ROM chooses the store with the lowest preference

Business Logic

When an order is scheduled, the sourcing logic executes based on the configured core rules. The system uses the following process for each order line:

  1. ROM identifies the core rule set that has the most granular match based on the configured criteria.
  2. After selecting the core rule set, ROM identifies all nodes from the highest priority Fulfillment Nodes for Sourcing setting for that core rule.
    1. If the Fulfillment Geography Restriction is enabled and the ship-to address falls into configured rule, ROM excludes those node(s).
    2. If the Network Override Rule is enabled, ROM excludes those node(s).
    3. If multiple Fulfillment Nodes For Sourcing have the same priority rating, they are treated equally.
  3. ROM identifies the inventory available for each of the remaining nodes. Note: On-hand and future inventory are taken into consideration for the availability calculation.
    1. If none of the selected nodes has full availability to fulfill the item, ROM identifies all nodes from the next highest priority Fulfillment Nodes for Sourcing setting.
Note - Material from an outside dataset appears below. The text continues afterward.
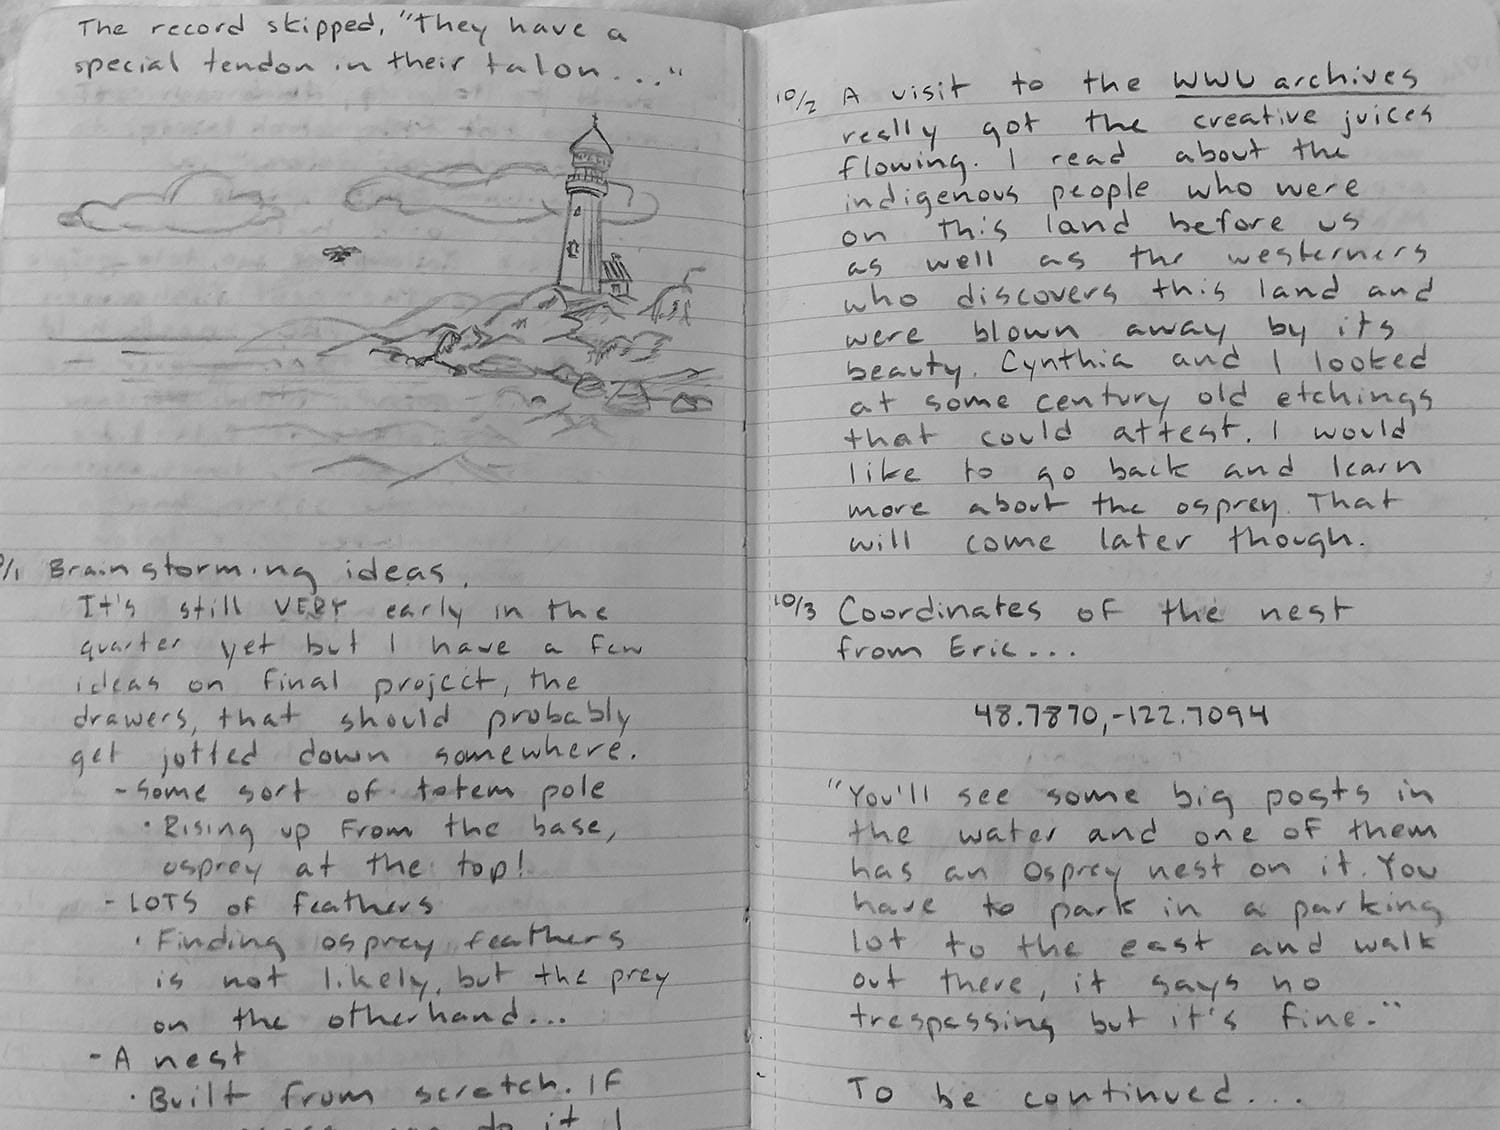 drawing of a lighthouse surrounded by brief journal entries for 3 days of a field trip looking at nests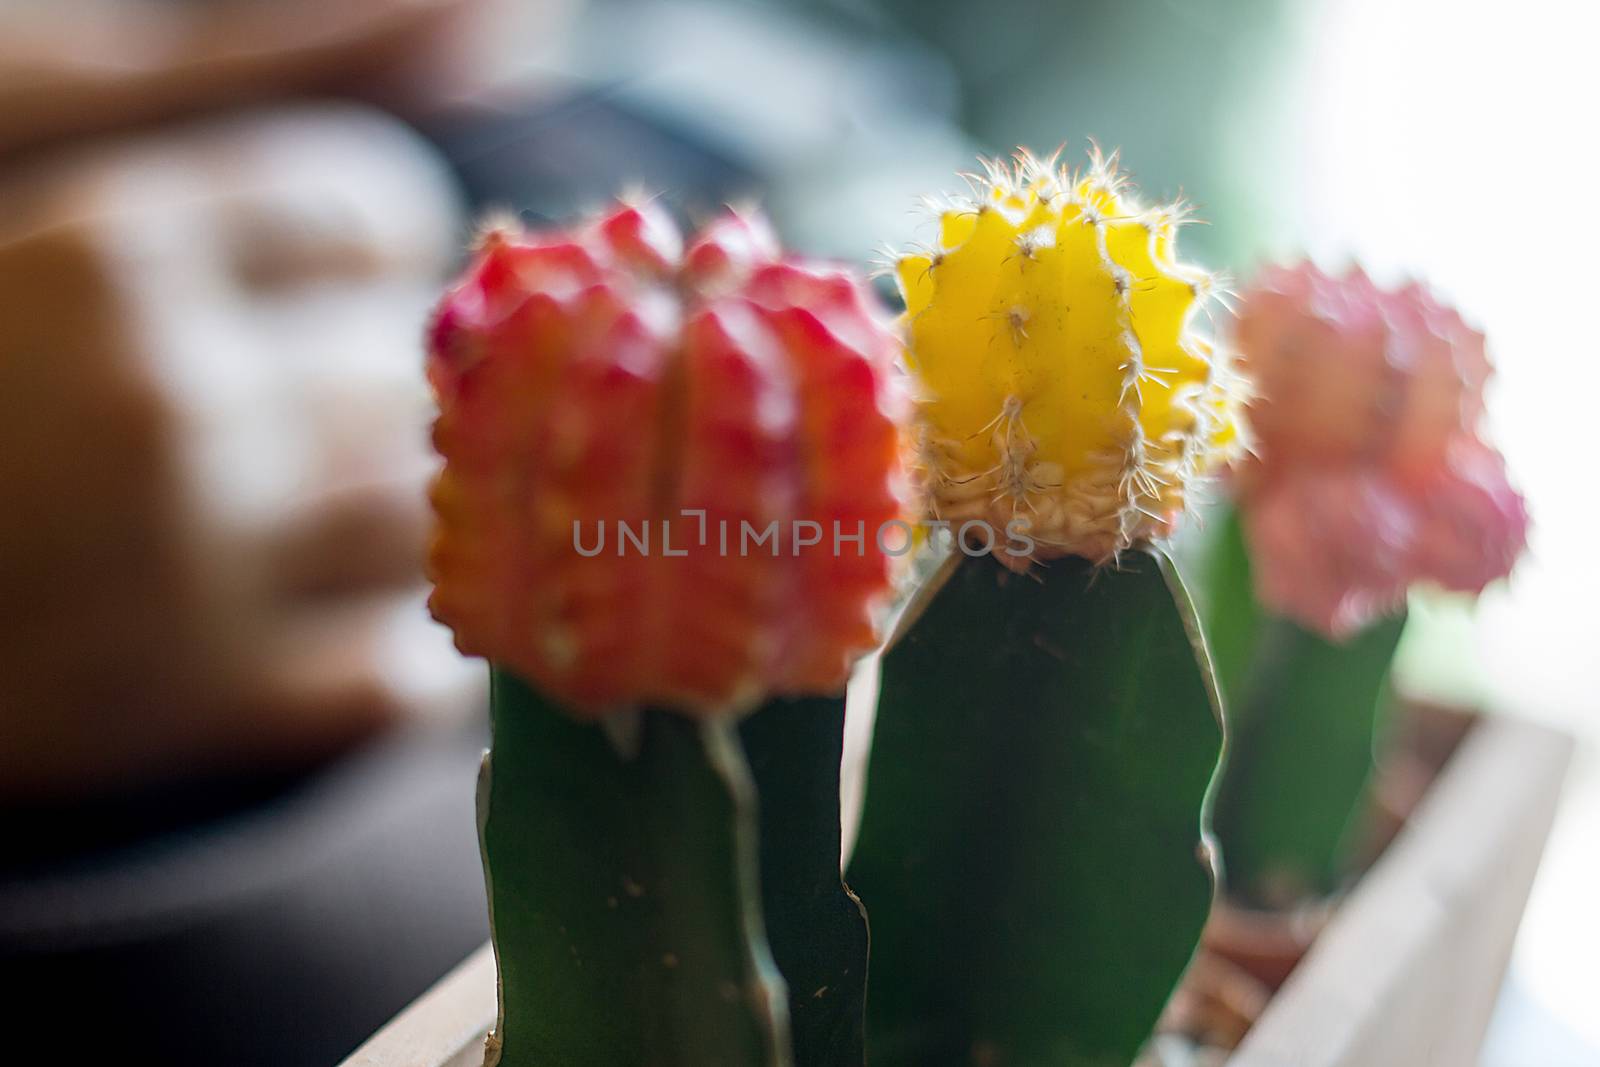 Many Cactus Colored Pots In Clay Pots On Wooden Table With Soft  by rakoptonLPN

It excludes those based on geography restrictions and network override settings.
    2. ROM continues to work through the sourcing order in sequential order.

    Note: ROM considers the following node settings when determining availability:

    • Node Status: Active
    • Node: Enabled for Availability
    • Max Items Scheduled to Node: When the max number of items has been met for the store with more inventory, then ROM either goes to the next store, or schedules the order to the store to be released at the next day/shift. (If the Max Item setting is not configured, then ROM goes by highest ATP.)
    • Held Status: When inventory is in a HELD status, the inventory is returned as 0.
    • Configured Overdue Supply
    • Configured Overdue Demand
    • Configured Forward Days to Consider Supply
    • Configured Backward Days to Consider Supply
    • Receipt Processing Time
    • Advance Notification Time
    • Reserved Demand
  4. When more than one location has the order line item availability, ROM applies the Inventory Burn Rule to prioritize the location.
  5. After potential nodes, with availability, are identified and the data is aggregated, ROM then moves over to execute against the Seller Rules to identify the optimal fulfillment.
  6. Seller Rules are applied after the Core Rule selection. ROM moves to optimize the order itself and takes all order lines into consideration to determine the optimal fulfillment for the order, not order line level. Only one set of seller rules is configured.
  7. ROM determines the fulfillment optimization type prioritized first:
    1. Minimum Shipments: If selected, ROM determines the inventory availability with in the configured optimized date range
    2. Date: If selected, ROM determines the earliest inventory availability date
  8. ROM filters out any options that exceeds the max splits or max sourcing attempts
  9. If there are multiple solutions with the same priority, then ROM determines:
    1. If Node Prioritization is set, ROM identifies the node choice based on the configured preferences:
      1. Fulfillment Network Preference (DC or Store)
      2. Node Preference (retail store ranking)
      3. Node Item Preference
    2. If Landed Cost is enabled, ROM identifies the node choice of closest proximity.
  10. Sourcing selection is made and fulfillment order(s) are appropriately routed.

Note: If the fulfillment type is ISPU, the item is routed to the shopper-identified node.